Vegetarian Protein Sources
Mentioned below are the top ingredients that contain a good protein sources:
1. Nuts and Seeds
Almonds & Cashews | Essential for a plant-based lifestyle. You add them as a garnish or blend them with sauces, dips and more. |
Peanuts & Walnuts | It Is great as a snack and people love adding them to homemade trail mix or crackers. |
Hemp Seeds | You can sprinkle these on anything. You can make hemp milk by blending them with water. |
Chia and Flax Seeds | Their gelling qualities make them a wonderful way to thicken porridge, oats and baked goods. |
Pepitas and Pumpkin Seeds | People love them on salad, especially when roasted for two minutes in a pan. |
2. Soy-Based Protein
Tempeh | Made of fermented soybeans and are less processed. |
Soy Crumbles | Also called textured soy proteins or soya chunks, made with just one ingredient: defatted soybean flour. They have a meaty texture, and are good for various dishes. |
Tofu | The versatility of tofu makes it a popular protein source. People usually marinate, bake or pan-fry tofu. By giving it various shapes and sizes, you can create numerous dishes with tofu. |
Edamame Beans | You can either eat the edamame beans steamed or straight out of the pods. You can buy frozen shelled edamame beans at most supermarkets and use them in salads and bowls. |
Soy Milk | This source contains the highest amount of protein of all the alternatives to dairy milk. |
3. Legumes
Green Lentils | French green lentils contain more protein than other beans. People often use them in summer salads and winter stews. |
Red Lentils | A wonderful base for curries, stews and dals, these lentils are a fantastic way to boost the protein content in any dish. |
White Beans | These are versatile and you can blend them with spices and oil to make a sauce or stir them directly into a stew. |
Black Beans & Kidney Beans | Majorly used in Mexican dishes and add a perfect protein source. |
Chickpeas | Another great vegetarian protein source. Roast them in the oven to add some crunch. |
- Grains and pseudograins
Rolled oats | A breakfast staple that will keep you full and satisfied for hours. |
Wild Rice | A good alternative to plain rice with a good protein content. |
Buckwheat Groats | Another source that tastes amazing and a great addition to salads and a crunchy topping. |
Millet | A gluten-free grain that contains the same amount of protein as wheat couscous. |
Quinoa | An outstanding base for making salad bowls. |
Other Protein Rich Vegetarian Sources
- Barley: Whole grains like barley are a high-protein grain often used as a topping for salads or an ingredient in soups. It is low in fat content and people often substitute Barley for rice due to its low calorie content.

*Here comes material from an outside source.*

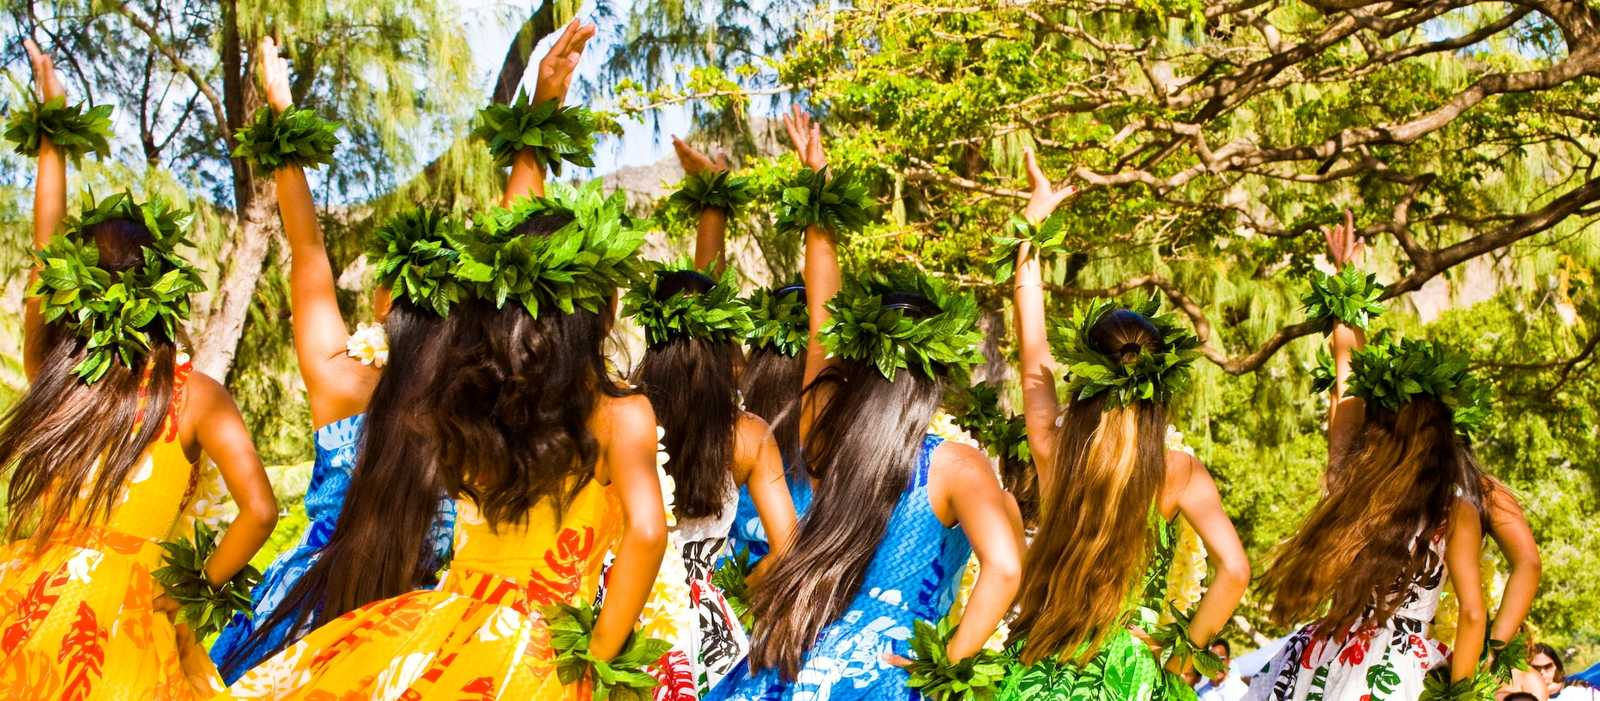 Hula tanzen am Lei day festival
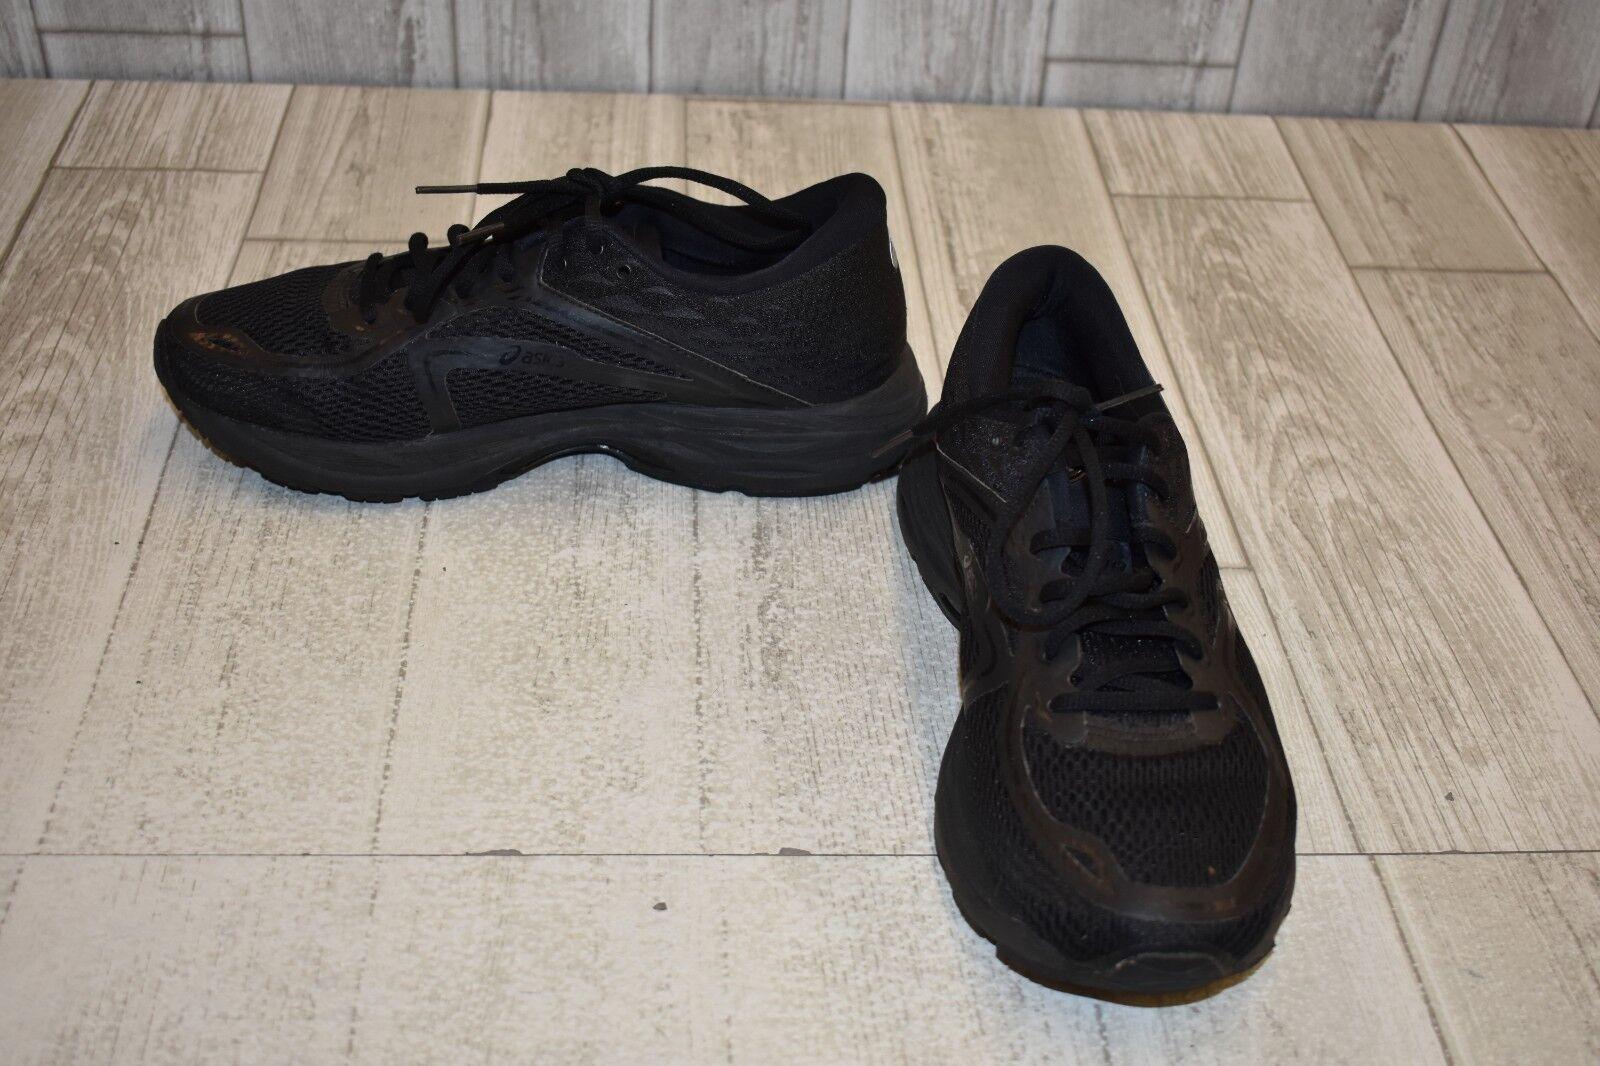 Asics Gel Cumulus 19 Running shoes, Men's Size 9, Black

- Amaranth: This is a delicious grain full of starchy goodness. However, not as popular, but just as nutritious, as other grains like rice or quinoa. Some describe the texture and taste as sticky.
- Spirulina Powder: Loaded with nutrition, spirulina protein powder has the highest protein quantities. However, it is difficult to consume in one go; you can easily take a few spirulina spoons daily as it is a great addition to smoothies, juices and more.
Protein Rich Food Benefits
Listed below are a few benefits that your body can derive by consuming the vegetarian protein sources:
- Repair: An accurate protein content in the body maintains and repairs the skin, hair, bones.
- Hormones: The body’s organs and cells can communicate through proteins.
- Enzymes: Most enzymes are proteins that perform millions of chemical reactions in the body.
- Storage: Some proteins help deliver essential chemicals to the correct locations.
- Bone Strength: An apt consumption of protein can strengthen the bones.
- Wound healing: A diet rich in protein can help heal wounds faster after an injury or surgery.
Wrapping Up!
We tried our best to cover everything about the top protein sources in the vegetarian category in this blog piece. We covered detailed insights on the importance of consuming proteins, including the effects that it can pose if a human body lacks proteins. Through the vegetarian protein sources we mentioned above, you can help meet your daily nutritional needs, and have an improved overall health and energy levels.